Wie Christina Dohrendorff, fuhr es ihm durch den Kopf. Er dachte an die anmutigen Bewegungen der schlanken, attraktiven Redakteurin, die ihr Haar meist achtlos zusammengebunden trug und damit immer noch besser aussah als die meisten Frauen nach einem zweistündigen Besuch beim Friseur. Dazu die klaren, blauen Augen, Christinas schlichte, stilsichere Art, sich zu kleiden, die ruhige, beherrschte Stimme und das sanfte Lächeln …
Schluss jetzt! Matthias rief sich selbst zur Ordnung. Christina Dohrendorff spielte erstens in einer ganz anderen Liga – immerhin war sie Prinzessin, in den Kreisen des Hochadels aufgewachsen und gewiss nur das Beste vom Besten gewohnt, und zweitens schien sie eine ausgesprochen arrogante Person zu sein, jedenfalls gemessen an ihrem Auftritt heute Morgen im Fotostudio.
Na gut, er hatte sie ein bisschen provoziert, musste Matthias einräumen. Er verzog sein Gesicht unwillkürlich zu jenem umwerfenden Lächeln, das ihn für Frauen so unwiderstehlich machte.
Er hatte Christina beiläufig behandelt, wie eine lästige, neugierige Praktikantin. Und die Verrenkungen der aufgetakelten Larissa vor seiner Kamera hatten wohl auch nicht den besten Eindruck hinterlassen.
Trotzdem, dachte er, und sein Blick verfinsterte sich. Christina hätte nicht so überheblich reagieren müssen.

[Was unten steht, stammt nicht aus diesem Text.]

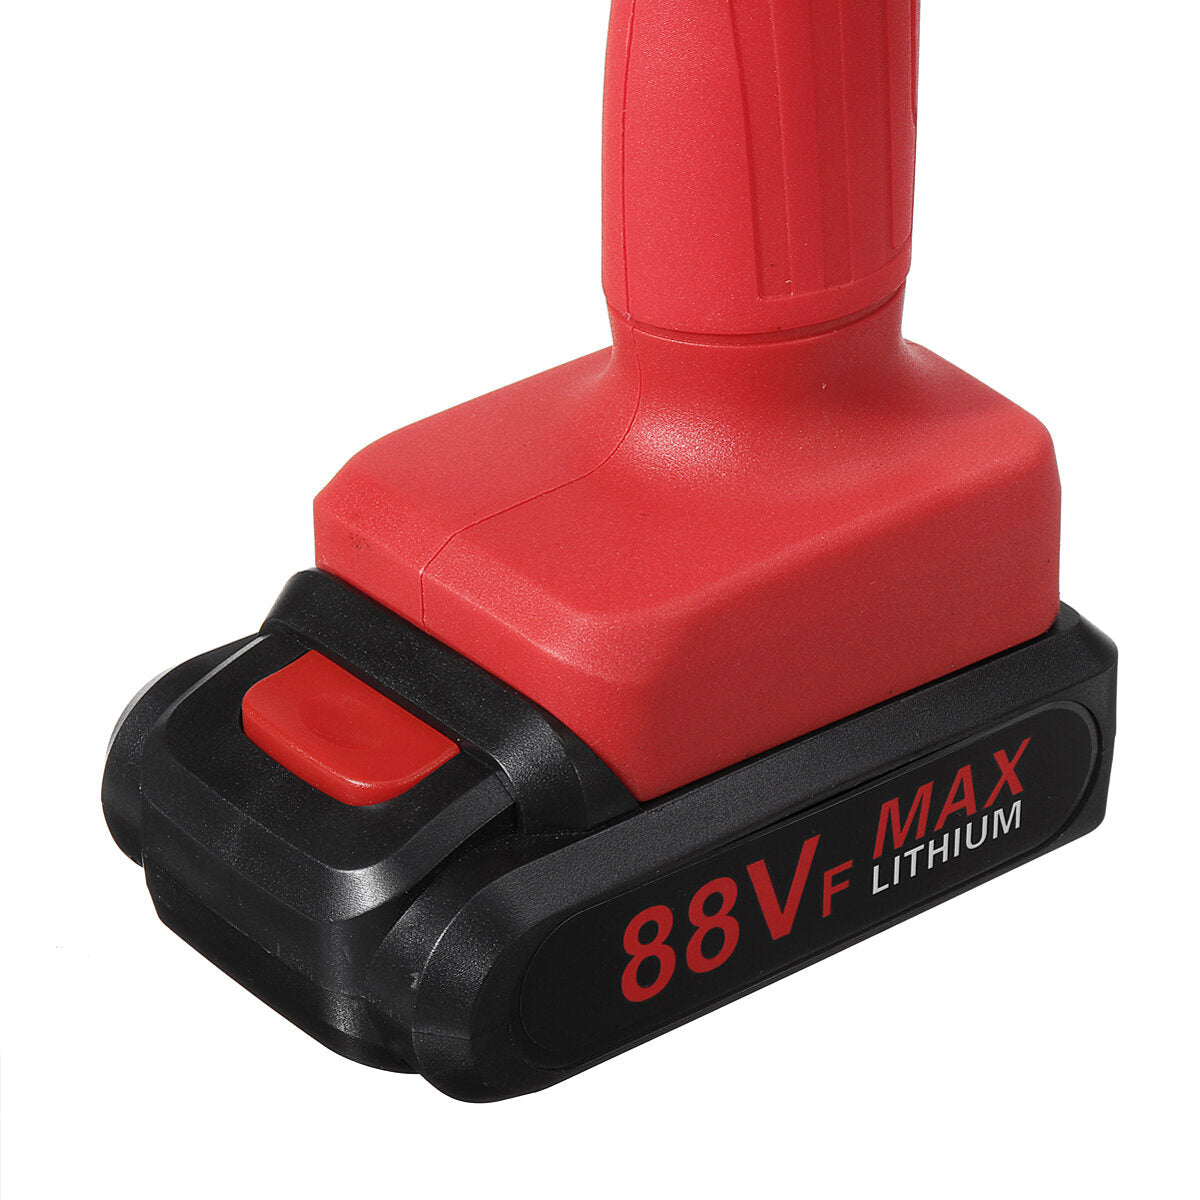 kiwarm 88vf 6 inch oplaadbare kettingzaag eenhandige kettingzaag houtsnijder tool digitale display indicator batterij

Aber die Prinzessin ließ ihn, davon war er überzeugt, mit jeder Geste und jedem Satz spüren, dass Matthias in ihren Augen nur ein aufdringlicher Paparazzo ohne moralische Bedenken war. Einer, der alles und jeden fotografierte, wenn er dafür nur bezahlt wurde. Einer, der sich hinter Autos und in Büschen verborgen auf die Lauer legte, um Prominente heimlich »abzuschießen«. Prominente wie ihre Eltern, Prominente wie letztlich Christina selbst …
Matthias schüttelte den Kopf, um weitere lästige Gedanken abzuwehren. So kam er nicht weiter. Er durfte seine Zeit nicht länger mit Grübeleien über Christina Dohrendorff verschwenden. Den Termin auf diesem Schloss Sowieso morgen würde er schon überstehen. Fotografisch schien das Unternehmen jedenfalls eine leicht lösbare Aufgabe zu sein.
Matthias schob einen USB-Stick in seinen Rechner und lud die Bilder von Larissa herunter, damit sie sie direkt verwenden konnte. Das Geld für die Fotos würde er noch in dieser Woche an die Hilfsorganisation überweisen, für die er fast seine gesamte karg bemessene Freizeit opferte.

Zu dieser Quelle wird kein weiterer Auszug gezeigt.